[Supplied information]
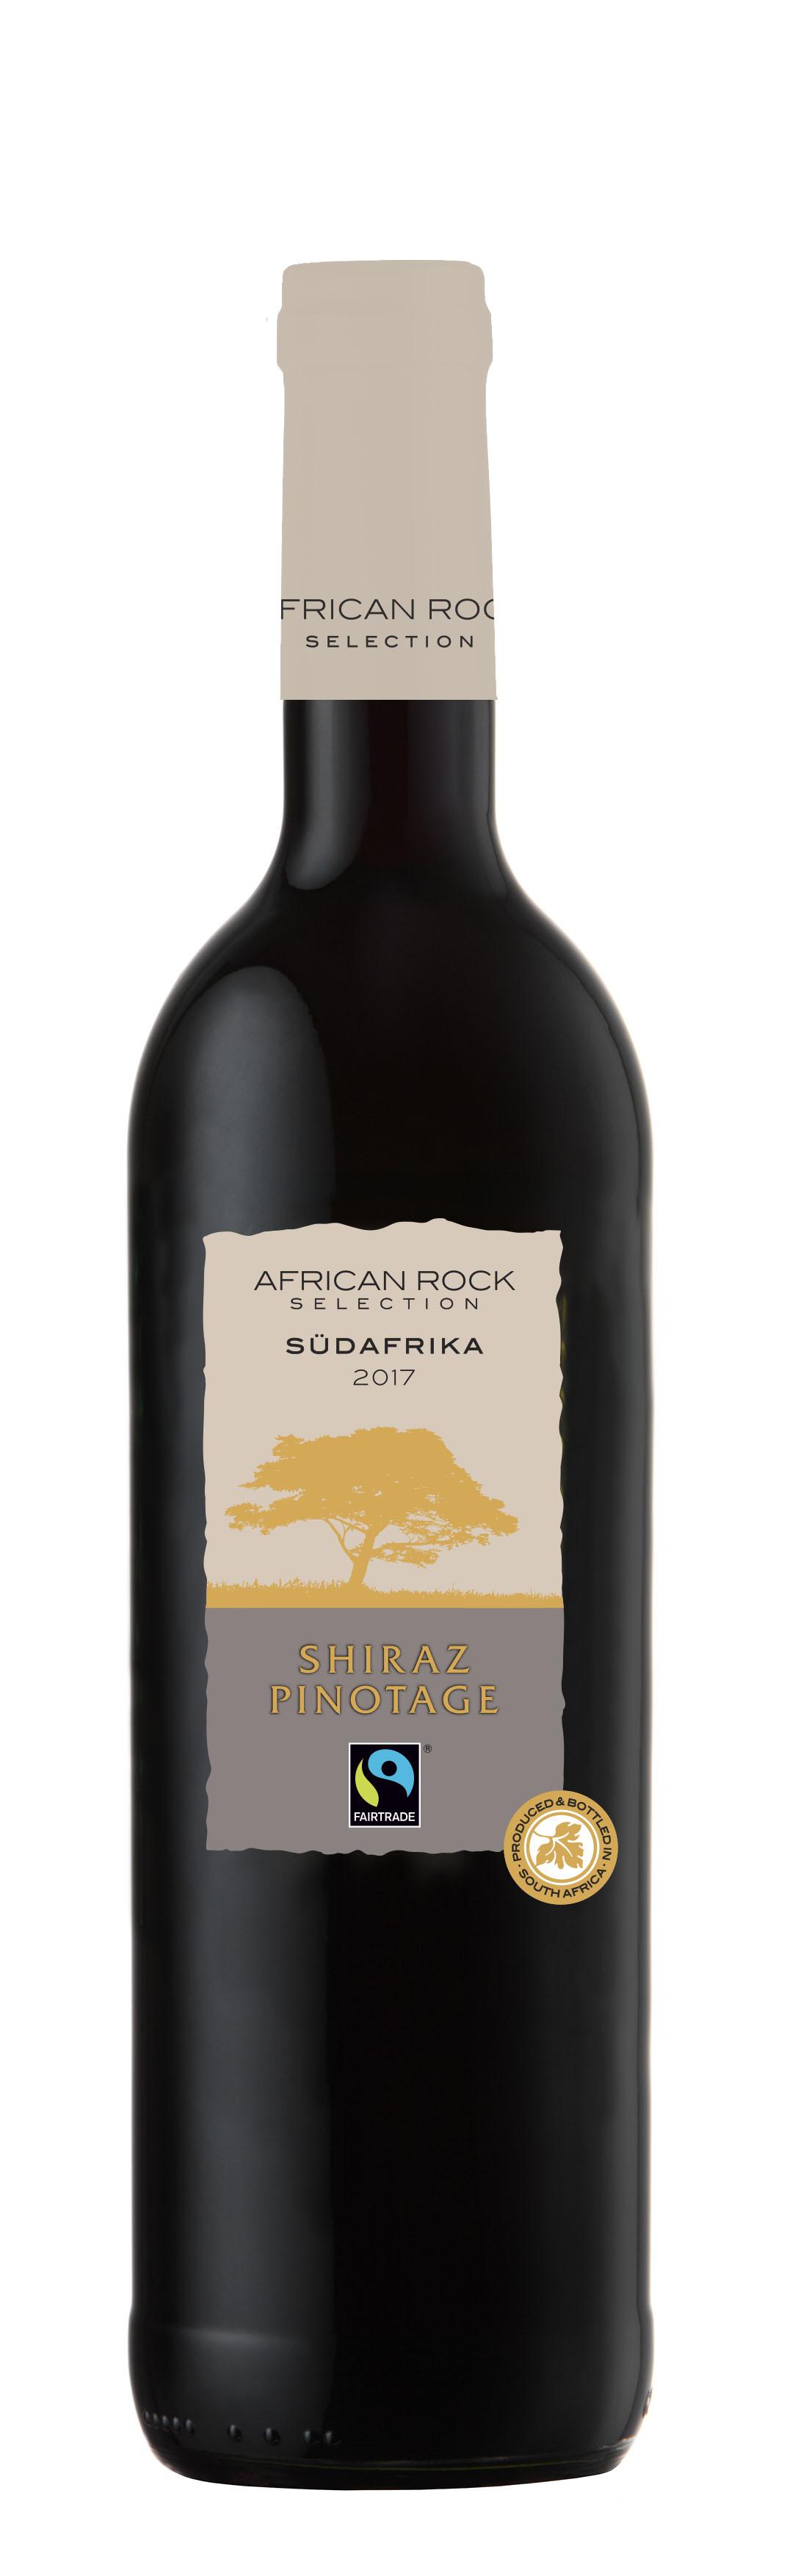 African Rock Selection Sudafrika
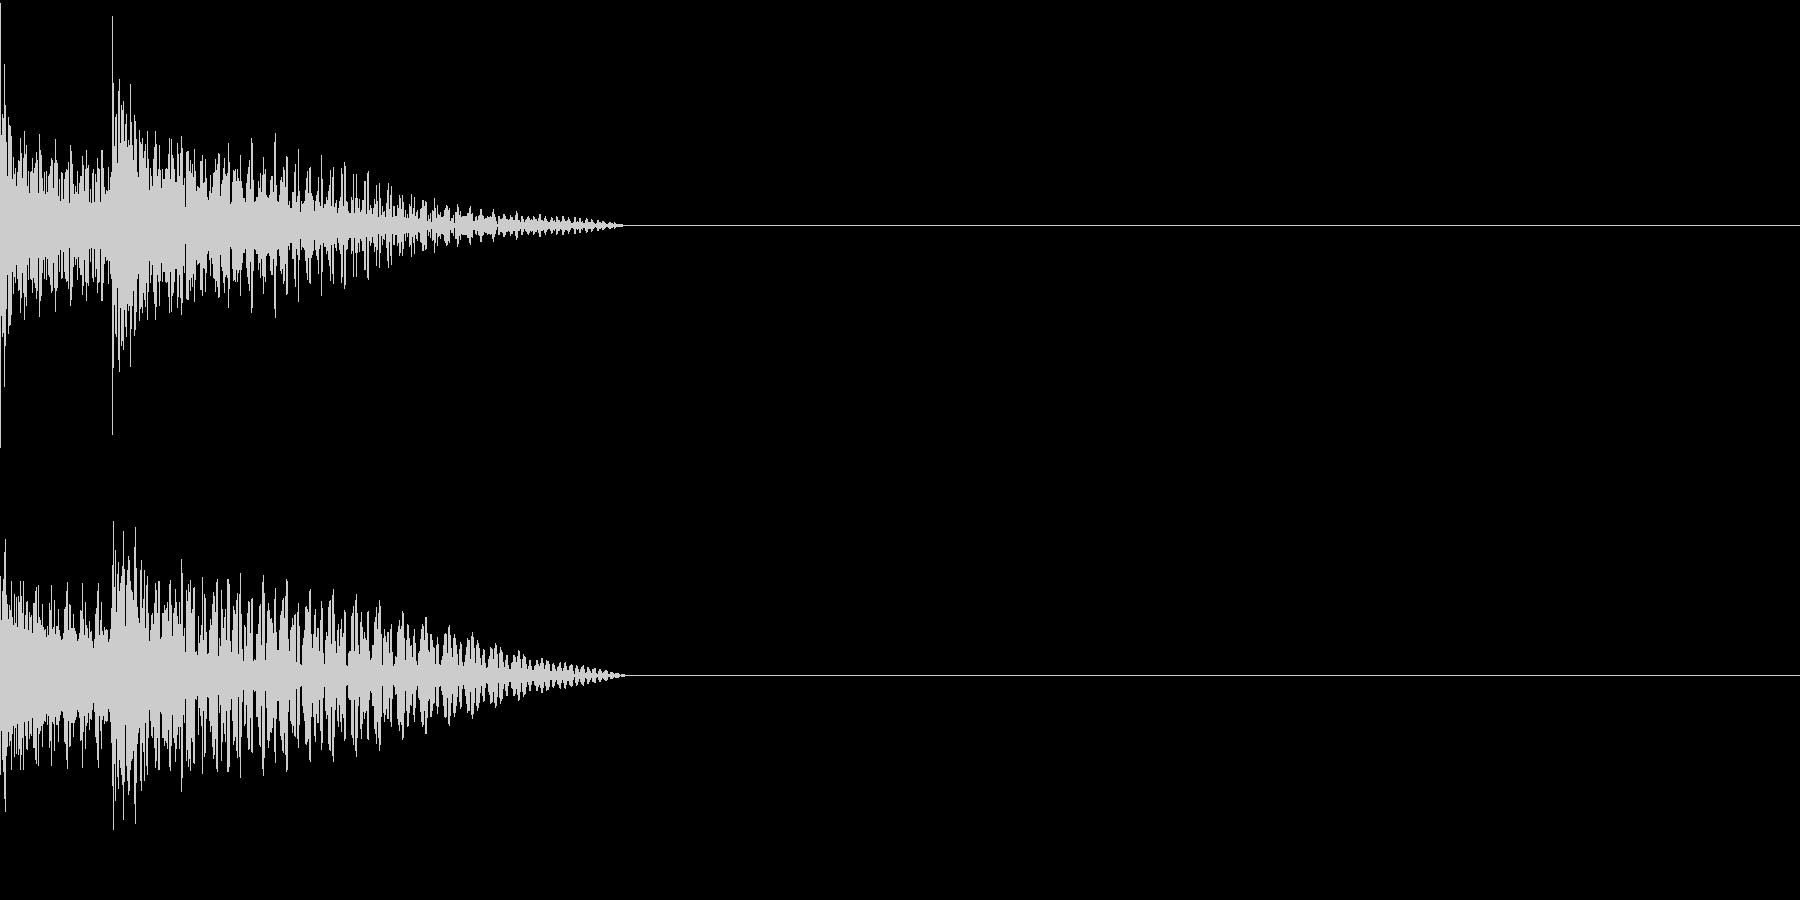 Cursor セレクト・カーソルの音7の未再生の波形
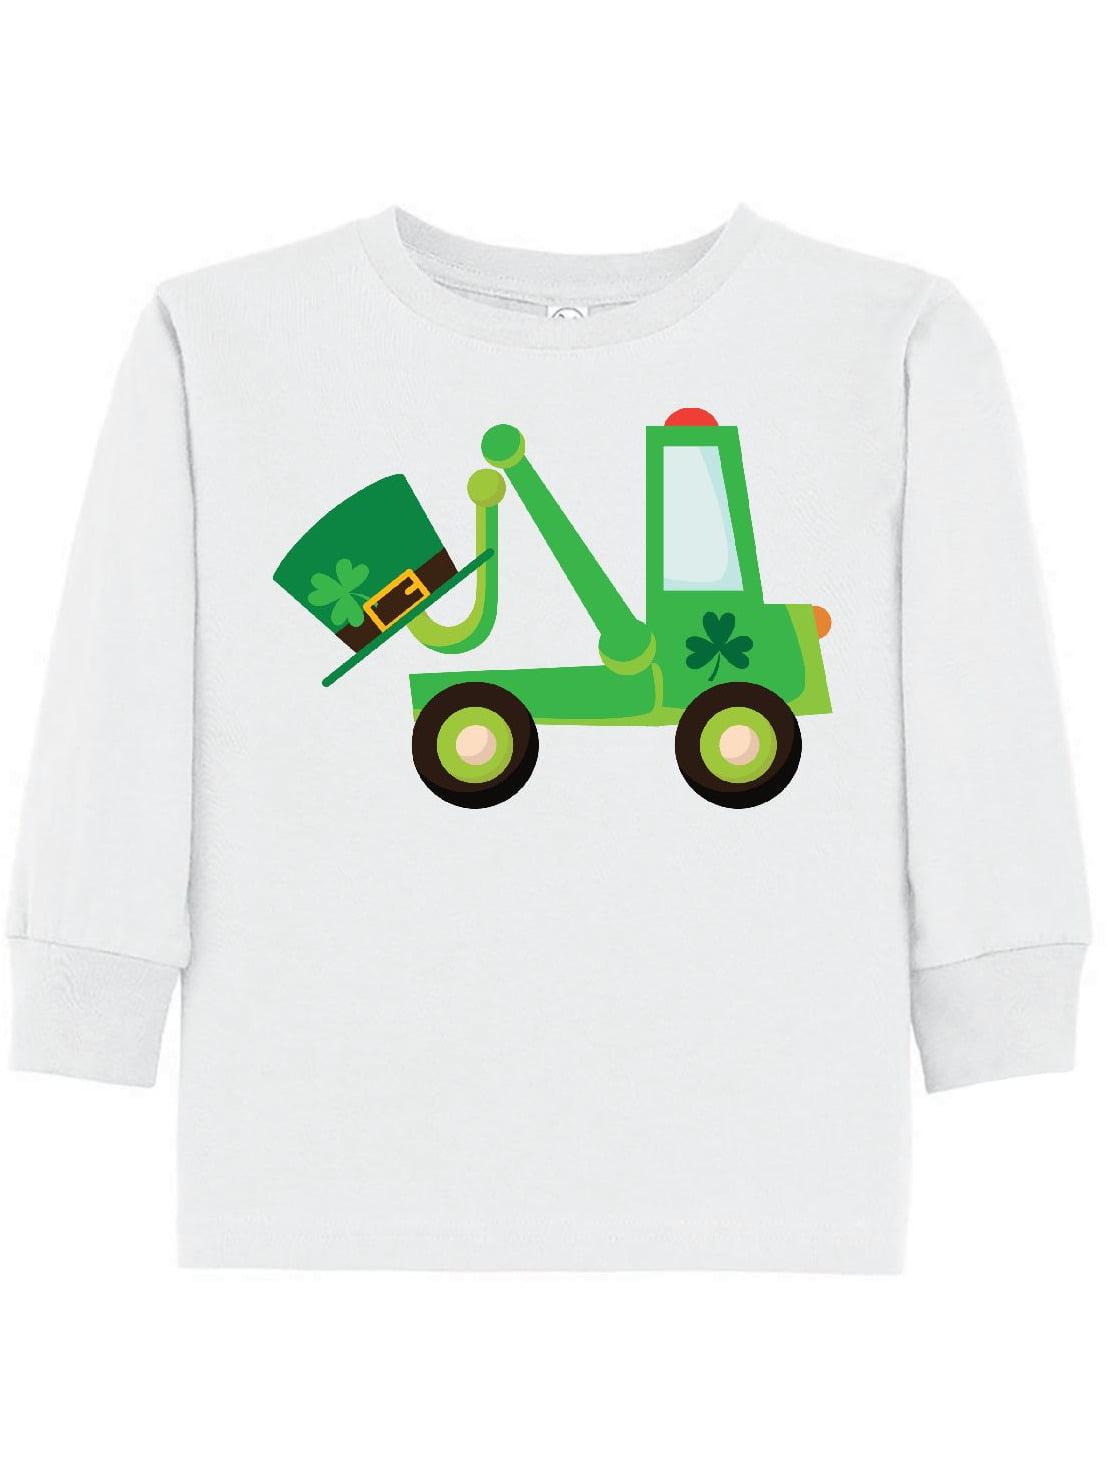 St Patricks Tow Truck Toddler Long Sleeve T-Shirt
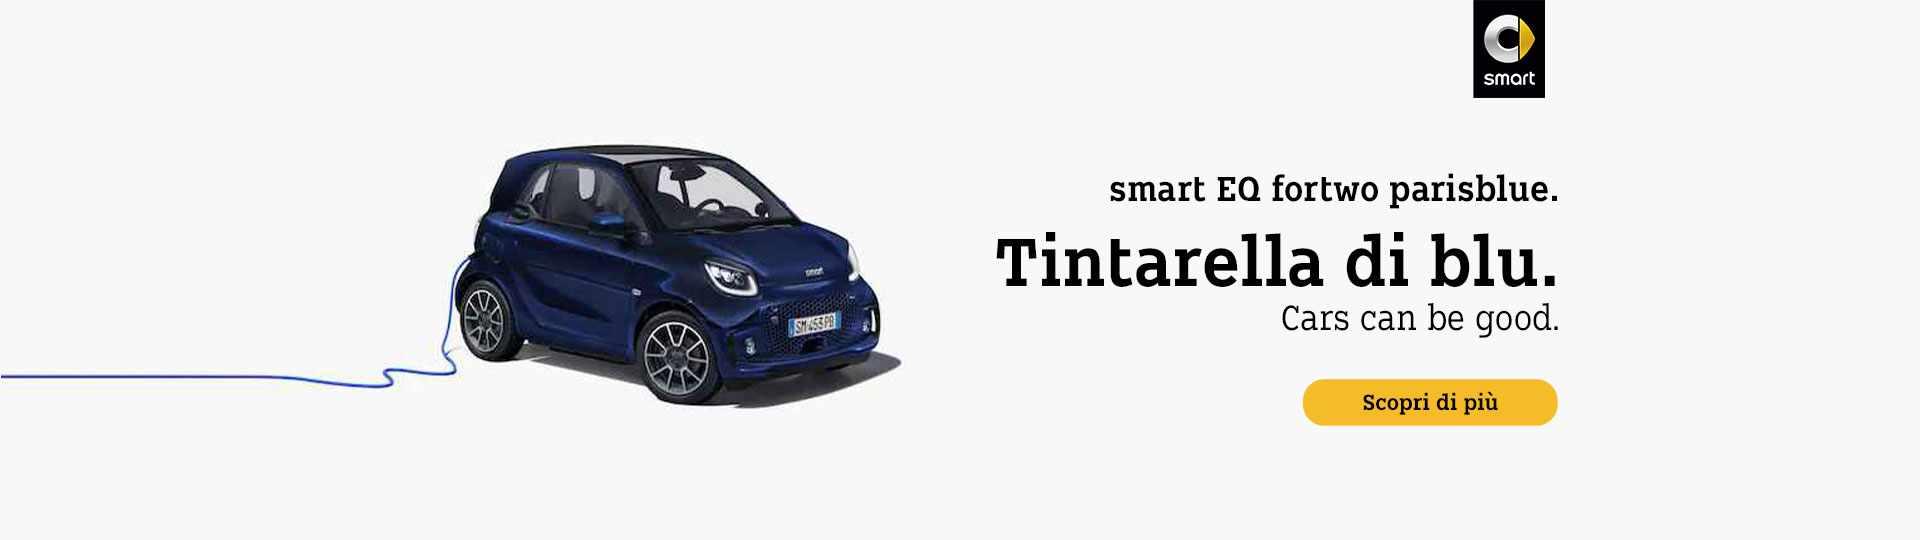 header_smart_parisblue_giugno_2021.jpg

[What is expected] Restate the data word for word while omitting each picture.

[Task output]
 African Rock Selection Sudafrika
 Cursor セレクト・カーソルの音7の未再生の波形
 St Patricks Tow Truck Toddler Long Sleeve T-Shirt
 header_smart_parisblue_giugno_2021.jpg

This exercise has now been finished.